Question

(5.31) A roulette wheel has 38 slots, of which 18 are black, 18 are red, and 2 are green. When the wheel is spun, the ball is equally likely to come to rest in a any of the slots. Gamblers can place a number of different bets in roulette. One of the simplest wagers chooses red or black. A bet of $1 on red will pay off an additional dollar if the ball lands in a red slot. Otherwise, the player loses his dollar. When gamblers bet on red or black. The two green slots belong to the house.

(a) A gambler’s winnings on a $1 bet are either $1 or $1. Give the probabilities of these outcomes. Find the mean and standard deviation of the gambler’s winnings.

(b) Explain briefly what the law of large numbers tells us about what will happen if the gambler makes a large number of bets on red.

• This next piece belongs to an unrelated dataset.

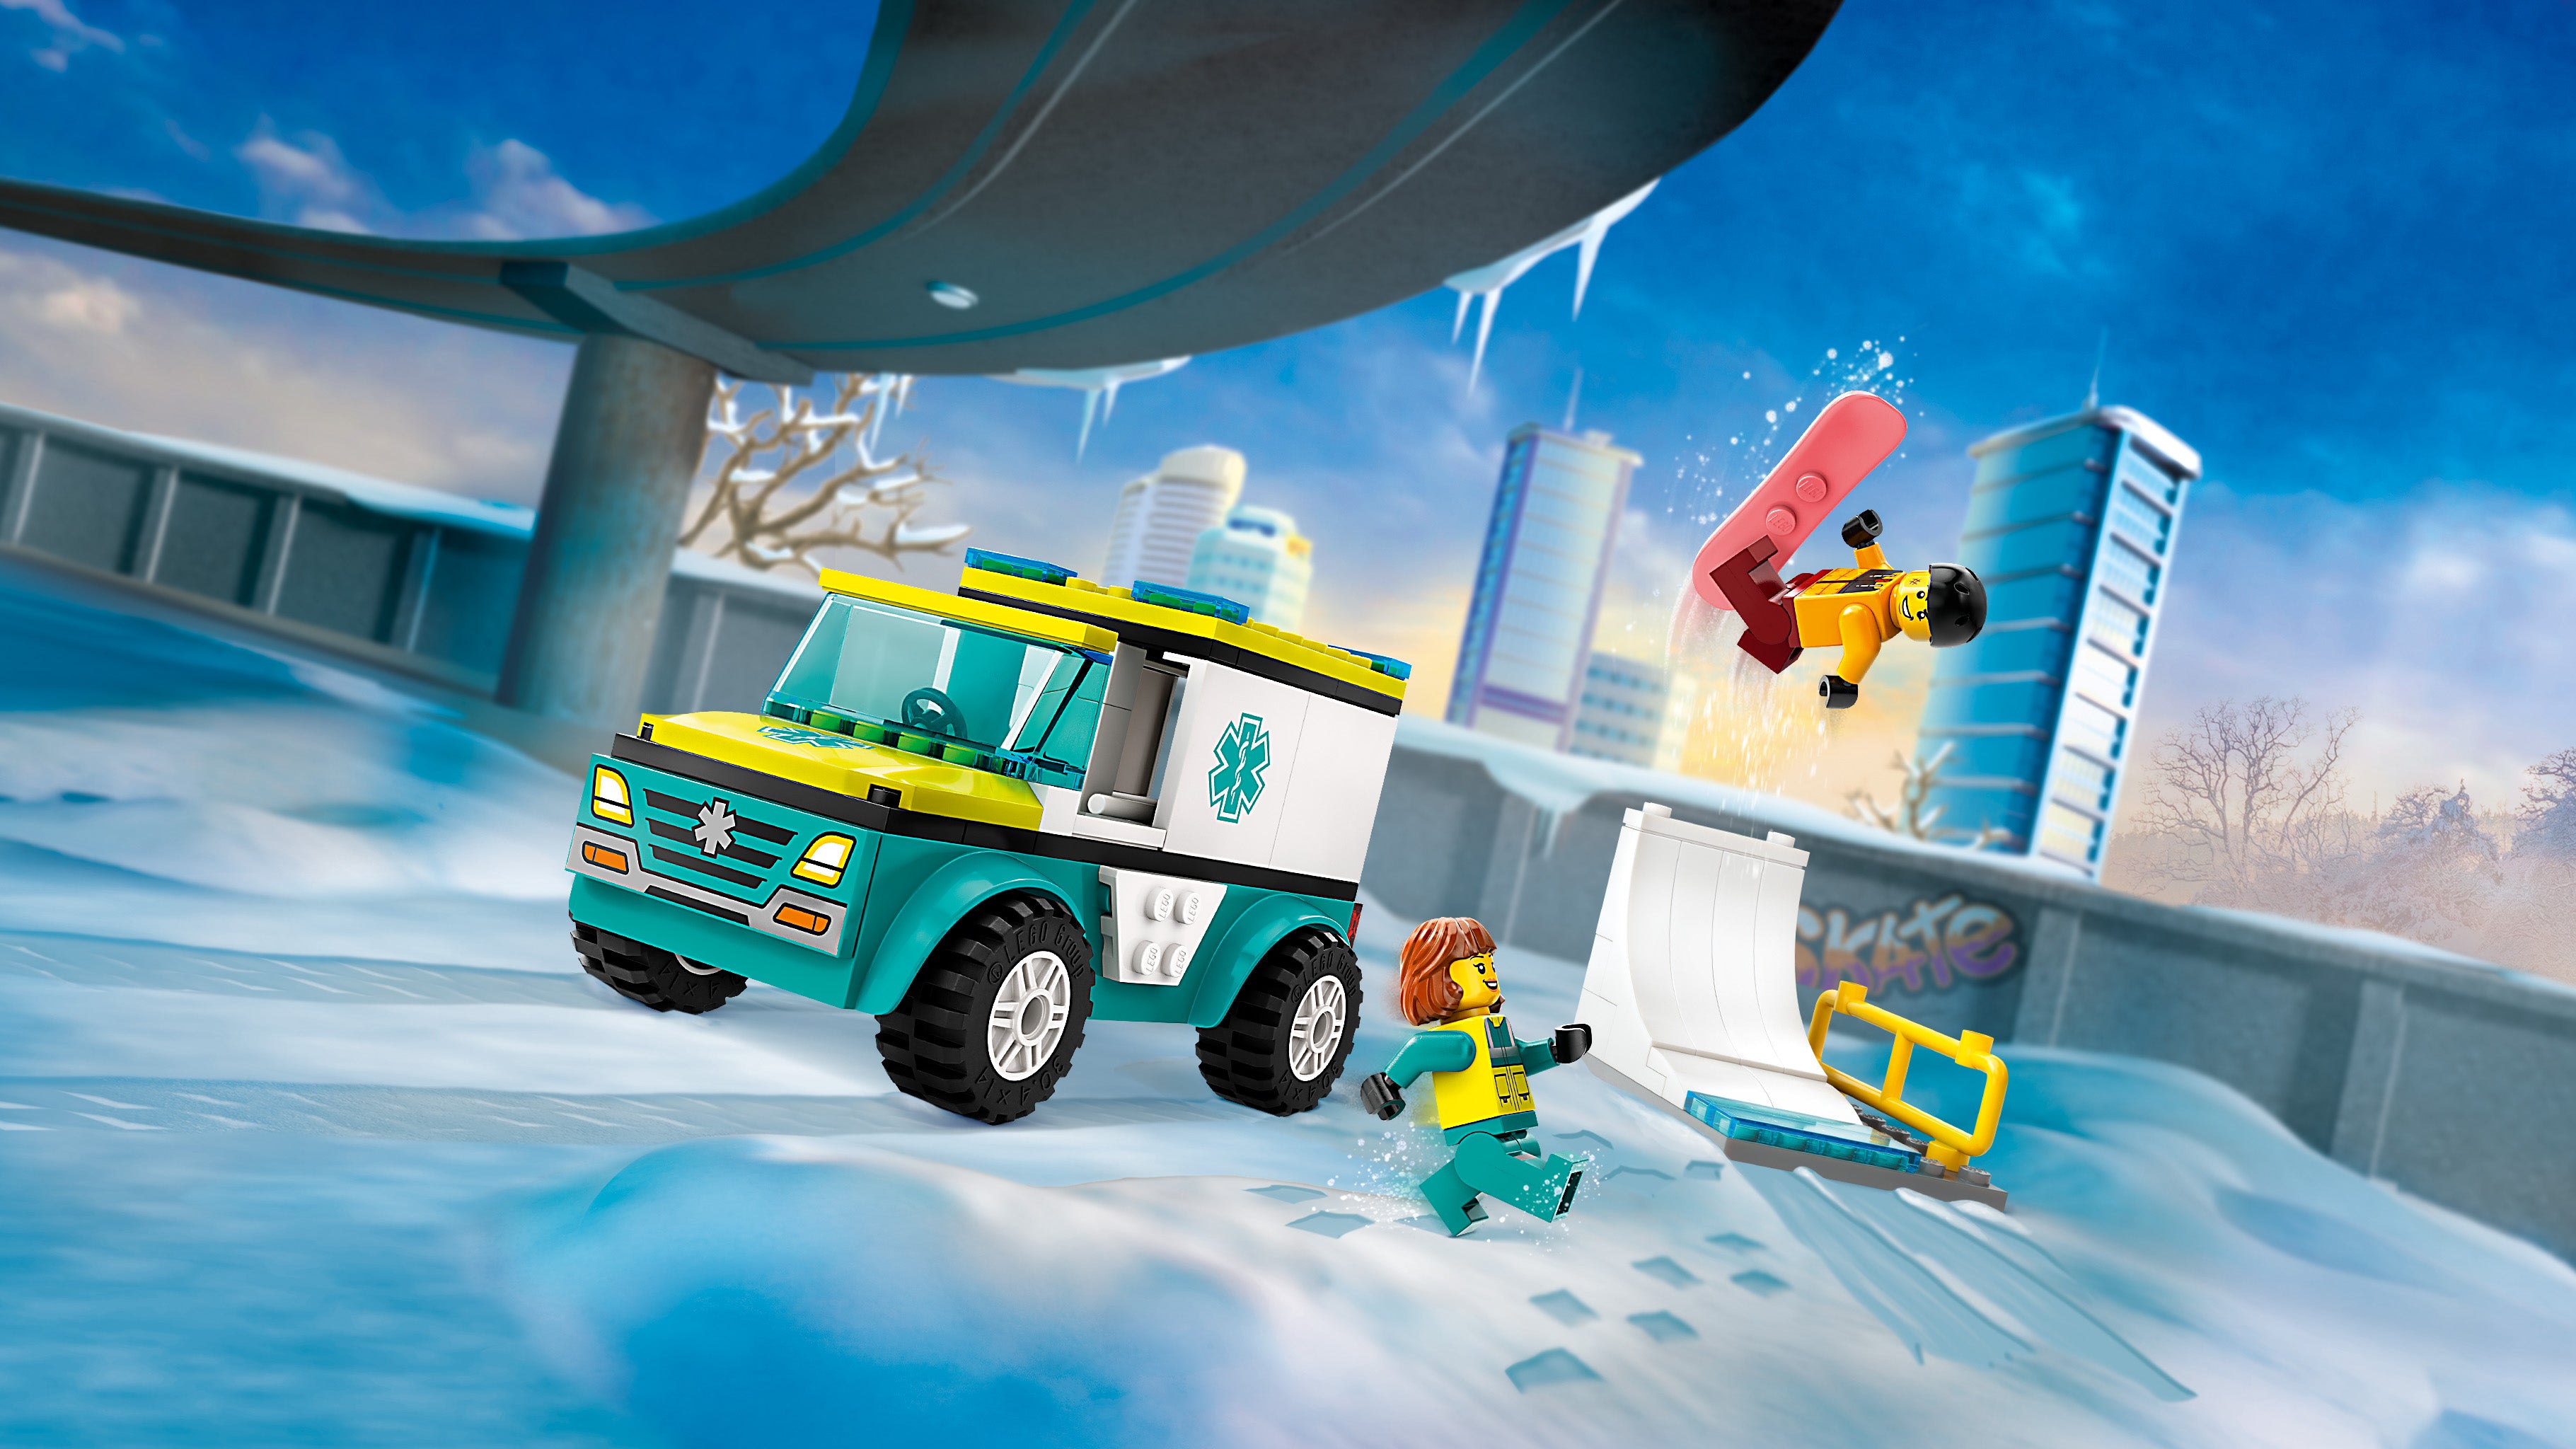 Lego 60403 Emergency Ambulance and Snowboarder

(c) The central limit theorem tells us the approximate distribution of the gambler’s mean winnings in 50 bets. What is this distribution? Use the 68-95-99.7 rule to give the range in which the mean winnings will fall 95% of the time. Multiply by 50 to get the middle 95% of the distribution of the gambler’s winnings on nights when he places 50 bets.

(d) What is the probability that the gambler will lose money if he makes 50 bets? (that is, the probability that the mean is less than 0.)

(e) The casino takes the other side of these bets. If 100,000 bets on red are placed in a week at the casino, what is the distribution of the mean winnings of the gamblers on these bets? What range covers the middle 95% of mean winnings in 100,000 bets? Multiply by 100,000 to get the range of gambler’s losses. (Gamblers’ losses are the casino’s winnings. Part (c) shows that a gambler gets excitement. Now we see that the casino has a business.)

Answer 1

(a)

Let X be the gambler’s winnings on a $1 bet.

P(X = 1) = 18/38 = 9/19

P(X = -1) = 20/38 = 10/19 (There will 18 black slots + 2 green slots = 20 slots where the gambler lose)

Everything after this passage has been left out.